In fact, have ever you tried saying Cuba Gooding Jr. . . . action hero? Try doing that while keeping a straight face. Hardwired is a new low for the actor and one of these days the Academy is going to make him stop using "Academy Award Winner" in front of his name for press releases. Come on, that was way back in 1996 for Jerry Maguire! His co-stars Val Kilmer and Michael Ironside may be used to this sort of made-for-DVD wasteland by now, but Hardwired is an all-time low for the actor. Heck, even that stupid movie with the sleigh dogs was a notch or two better than this!

THE DISC: All you get is a dull making-of featurette and some trailers. The trailers were the best thing about the disc even though some of them were for similar low budget crap such as Art of War III for which they couldn't even get Wesley Snipes to come back again. (Oh wait; he's in prison right now, isn't he?)

WORTH IT? Hardwired is cheesy, seriously cheesy. The sets look sparse and cheap. The acting is really, really bad. (Maybe the Academy will ask for their statuette back one of these days as well!) The action scenes are lame and the special effects are sub par. The whole affair is seriously let down by a lack of proper budget.

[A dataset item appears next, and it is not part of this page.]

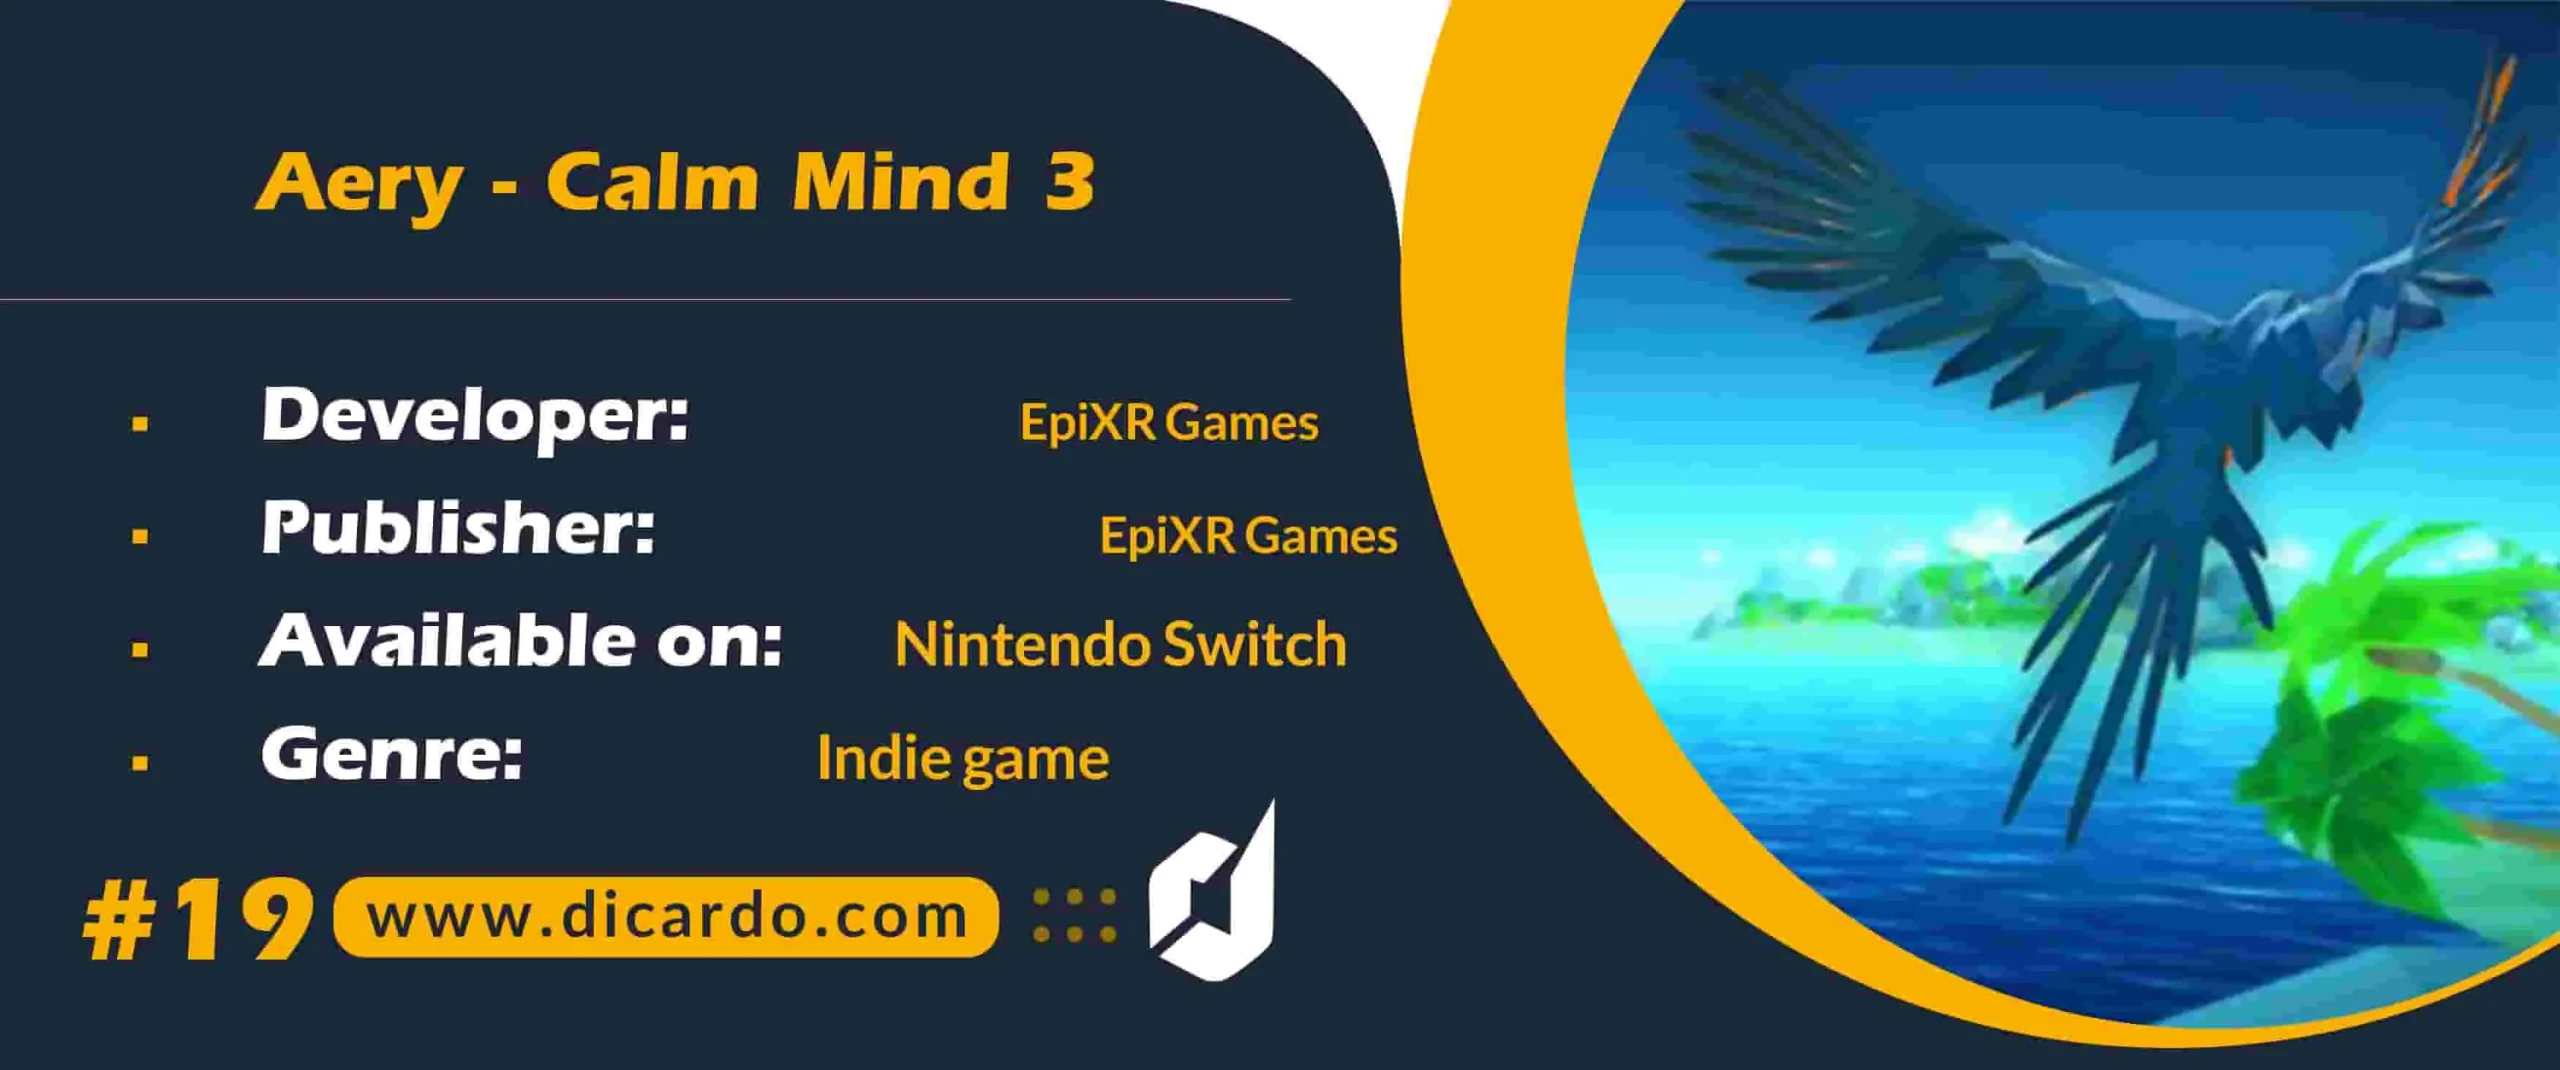 #19 اری کالم مایند 3 Aery - Calm Mind 3 از بازیهای نینتندو سوییچ سال 2023تعاملی

Worst of all though is the screenplay, which is content with regurgitating clichés from cyberpunk movies such as Hackers, The Net and Johnny Mnemonic from the 'Nineties. It's as if the screenwriter had a cool idea for an opening scene and an interesting future society, but had no idea whatsoever what to do with all these elements and then rummaged through his video collection for some inspiration.

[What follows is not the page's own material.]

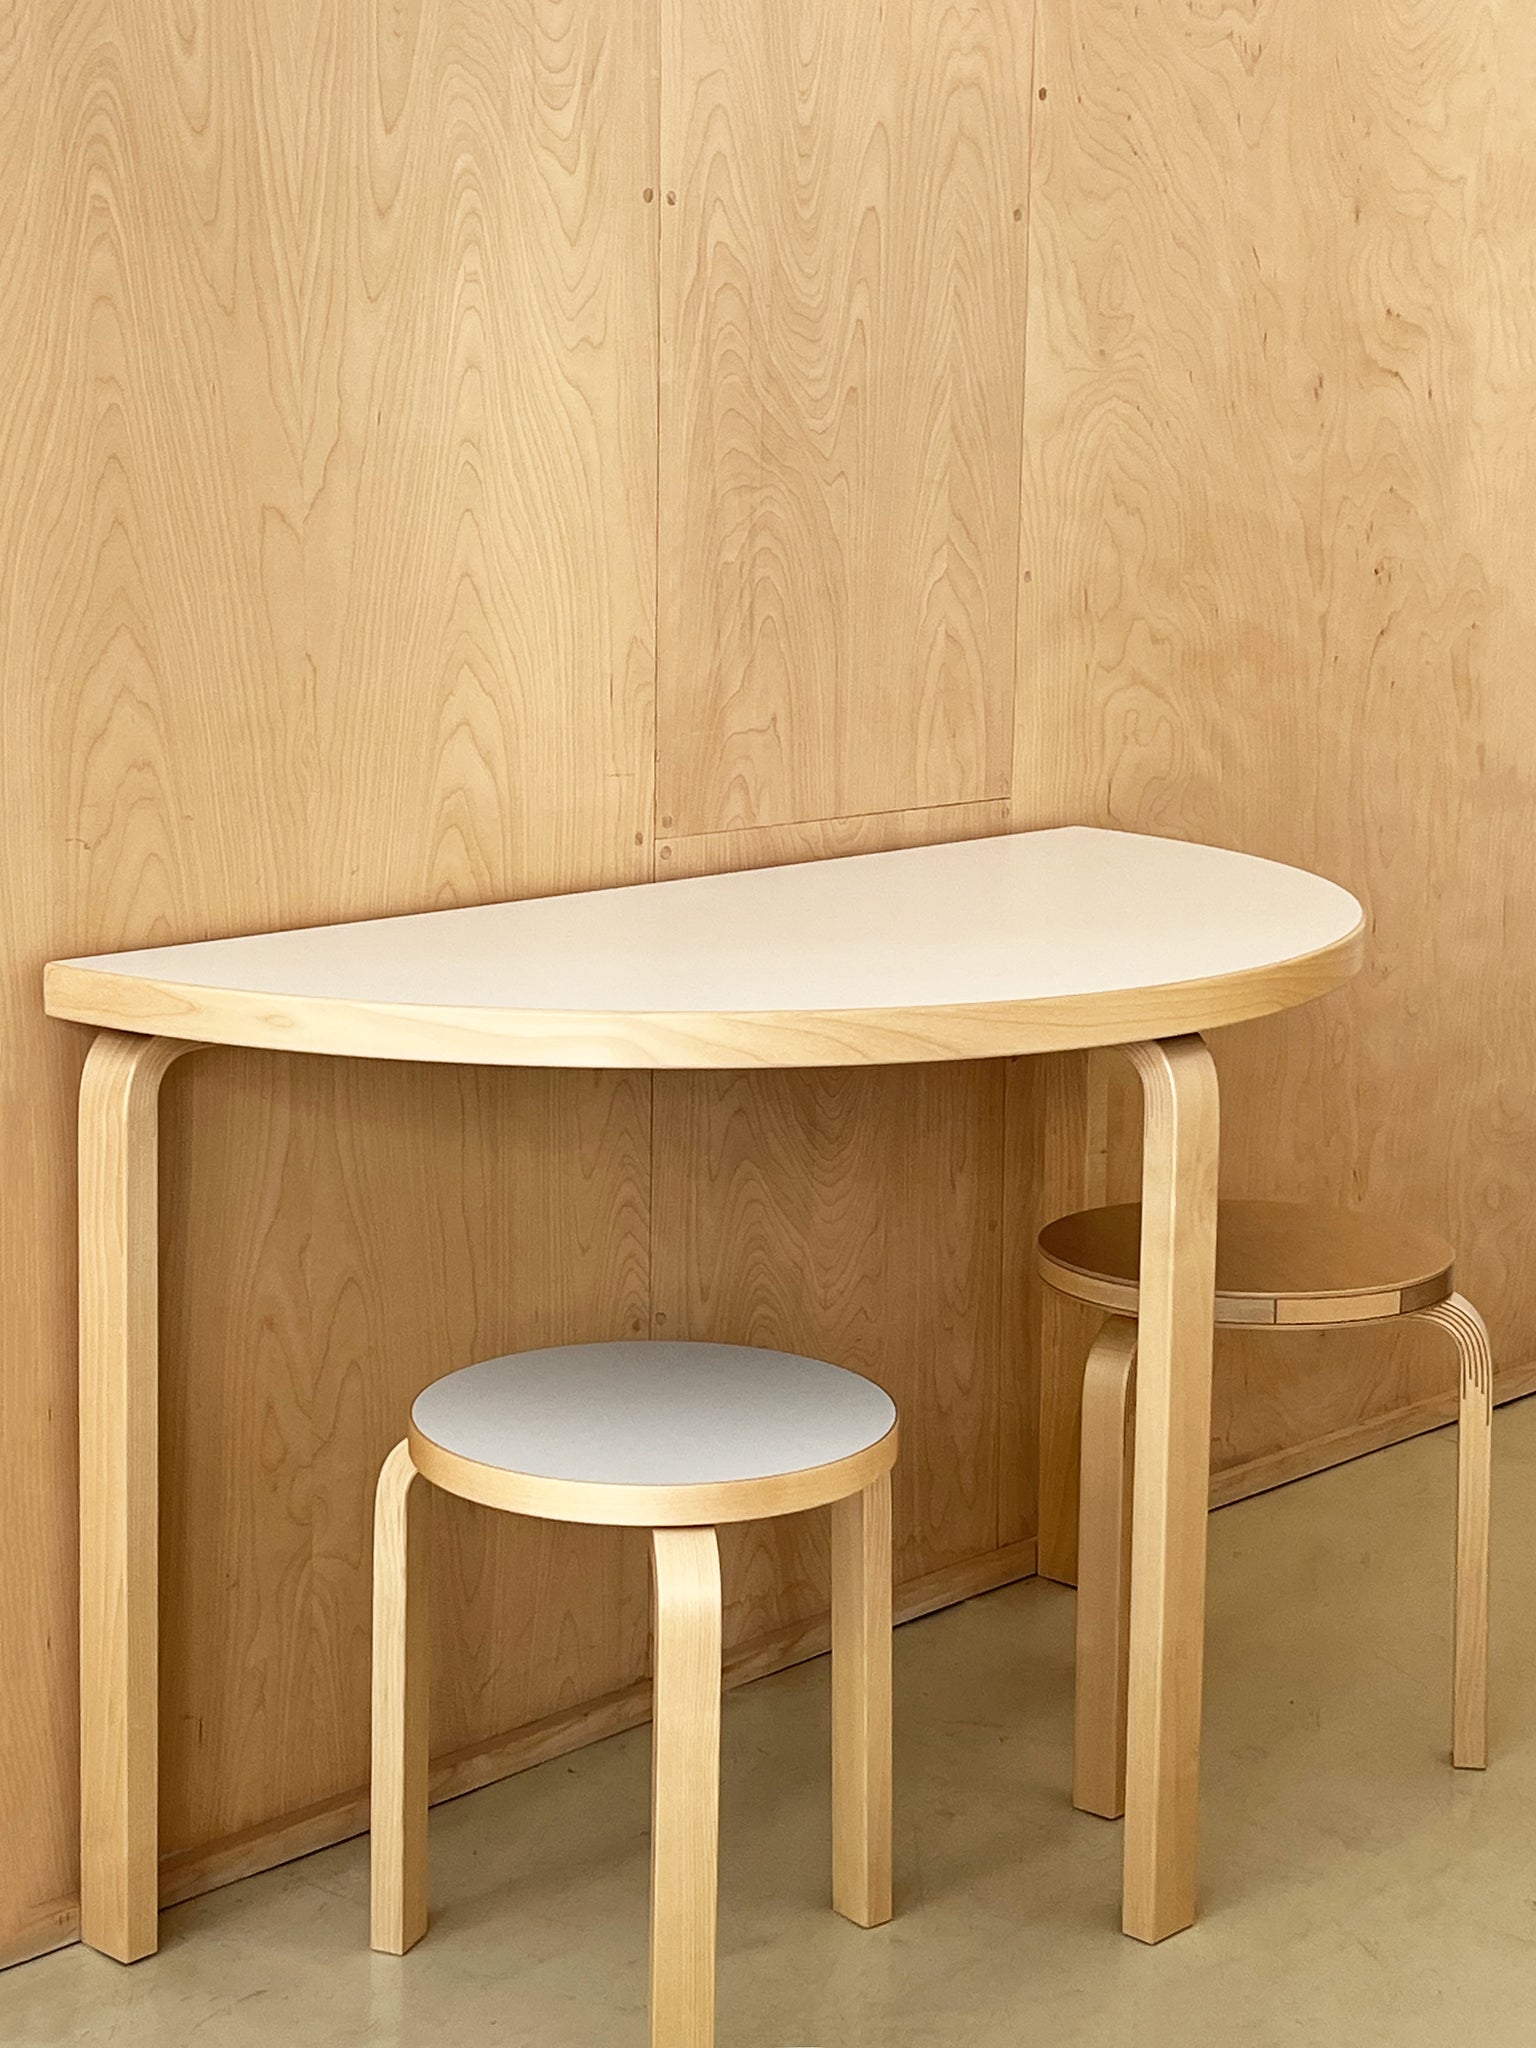 Half-Round Table 95 by Alvar Aalto

Cyberpunk is, like, so last century, dahling . . .

RECOMMENDATION: A sure sign of amateurism is when the director uses incessant soundtrack music without practically any silences in-between. Hardwired is one of those movies. On the plus side, the editing is never of the epilepsy inducing sort seen in low-budget action movies - another sign that the director is clueless. So one really ought to count one's blessings here.